Abstract 462TiP
Background
Anaplastic thyroid cancer (ATC) is a rare but deadly malignancy with a historical median overall survival (OS) of 6months. Progress has been made in patients (pts) with BRAF mutated (BRAFm) ATC with dabrafenib/trametinib (DT), leading to an OS of 14.5 months. These drugs are approved in the United States and few other countries. However, options are limited for those without a BRAF mutation (BRAFwt). Presently, there are several clinical trials for ATC enrolling at MD Anderson (MDA). Participation in these trials lack diversity due to the inability of many pts to access MDA.
Trial design
GRASSROOT is a prospective, Master Observational Trial (MOT) for ATC pts who are ineligible or unable to participate in clinical trials. Patients will be offered treatment regimens with commercially available drugs in the US, Latin America, Europe, Asia, and the Middle East. The objective of this study is to gather real world comprehensive data on the median OS of ATC pts treated outside of the traditional clinical trial, with treatment regimens like what is offered on the clinical trial. Enrolling sites will consent pts and then assign treatments based on the stage and BRAF status, carrying out the treatments per MDA treatment algorithms. Treatment regimens will be modified based on availability. Pts with BRAFm ATC tumors will be treated with neoadjuvant DT and pembrolizumab (P) prior to surgery followed by either chemoradiation (for stage IVB disease) followed by DTP or continue DTP post operatively for stage IVC disease. Pts with BRAFwt ATC tumors will be offered surgery followed by chemoradiation followed by adjuvant P or lenvatinib and P for stage IVC disease. High level outcome data will be recorded in a RedCap database. The OS between patient groups will be compared with the log-rank test. Tumor mutation data and patient reported outcomes, assessed by using the MDASI-HN scale, will also be collected. To provide 90% power for a 0.67 hazard ratio, the study will enroll 459 patients over next 8 years at 14 national and international sites with an intended follow up of at least 2 years. The clinical trial was IRB at MDA approved in July 2024 and is in the process of opening other sites.

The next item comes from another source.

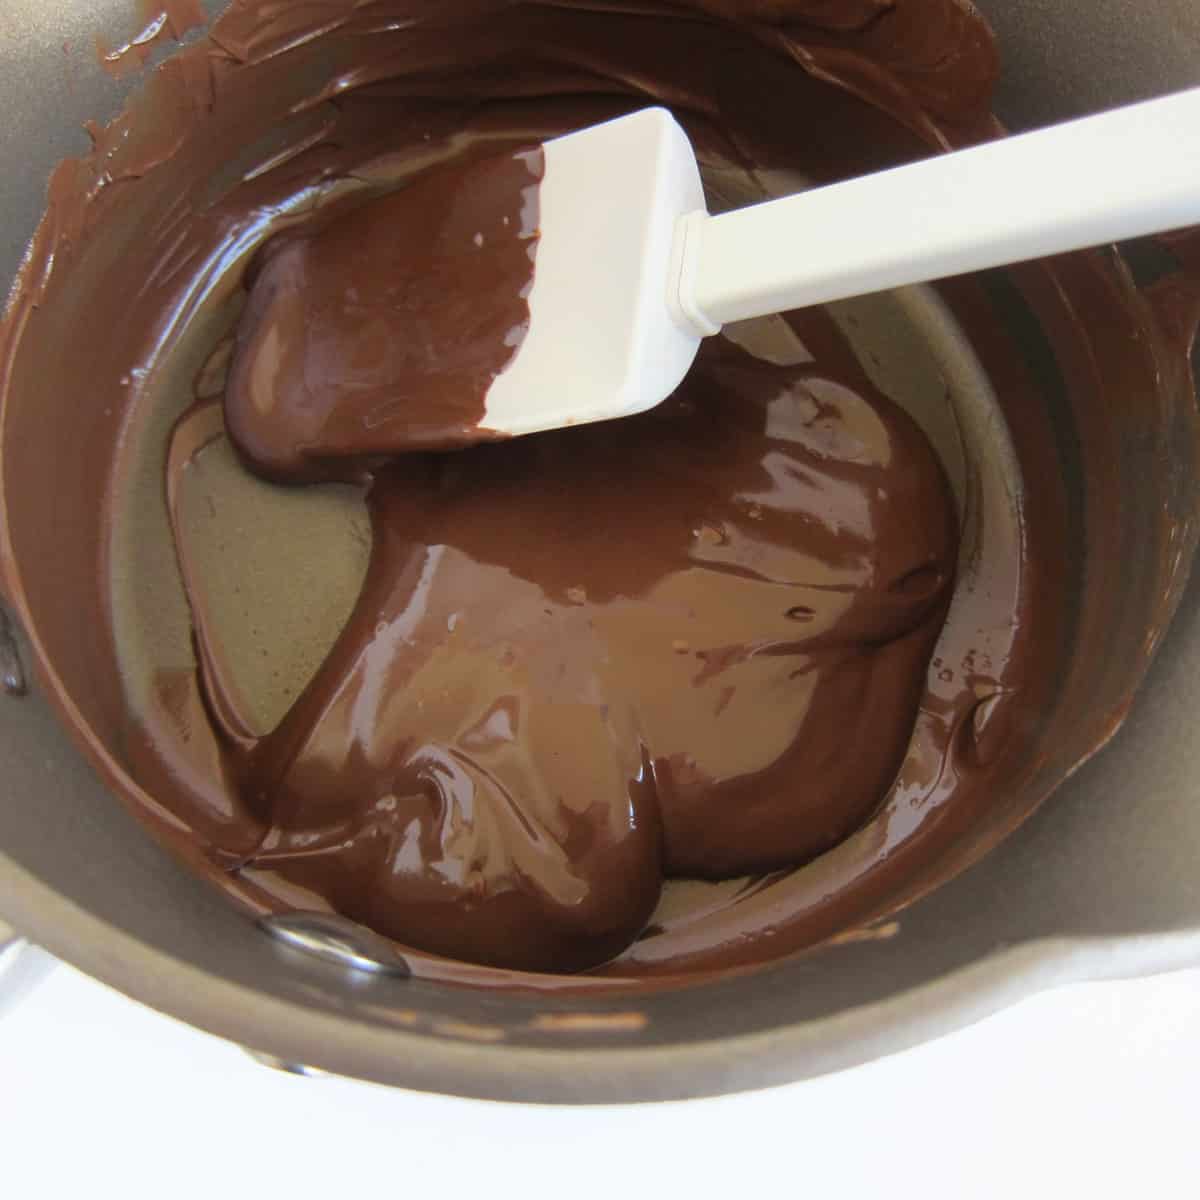 melted chocolate and Nutella in a saucepan with a silicone spatula

Clinical trial identification
Awaiting registration with clinical trials.gov. However, per website, given this is an observation study, it is not madatory to register.
Editorial acknowledgement
Legal entity responsible for the study
The authors.
Funding
MD Anderson- Petrick Funds.
Disclosure
R. Dadu: Financial Interests, Personal, Research Funding: Exelixis, Eisai, Merck, AstraZeneca; Financial Interests, Personal, Speaker, Consultant, Advisor: Exelixis, Bayer, Novartis. M. Zafereo: Financial Interests, Personal, Research Grant: Merck', Eli Lilly. A. Maniakas: Financial Interests, Personal, Research Funding: Jazz Rharmaceuticals, Thryv Therapeutics. N. Busaidy: Financial Interests, Personal, Speaker, Consultant, Advisor: Exelixis, Eisai. R. Ferrarotto: Financial Interests, Personal, Advisory Role: Regeneron, Prelude therapeutics, Elevar therapeutics, Coherus bioscience, Eisai, Remix Therapeutics, Sanofi/Aventis, LabCorp Drug Development, Rgenta, RAPT Therapuetics; Financial Interests, Institutional, Research Funding: Merck, Pfizer/ EMD soreno, Ayala Pharmaceuticals, Prelude therapeutics, ISA pharmaceuticals, Viracta therapeutics, Gilead Sciences, Seagen, Remix. M.E. Cabanillas: Financial Interests, Personal, Advisory Board, clinical trial planning: Thryv; Financial Interests, Personal, Advisory Board, advising on patient education materials: Novartis; Financial Interests, Personal, Advisory Board: Exelixis, Bayer; Financial Interests, Personal, Invited Speaker: Endocrine Society; Financial Interests, Institutional, Local PI, Grant funding for clinical trial: Genentech; Financial Interests, Institutional, Local PI, Grant funding for clinical trials: Merck; Non-Financial Interests, Personal, Member of Board of Directors: American Thyroid Associaion. All other authors have declared no conflicts of interest.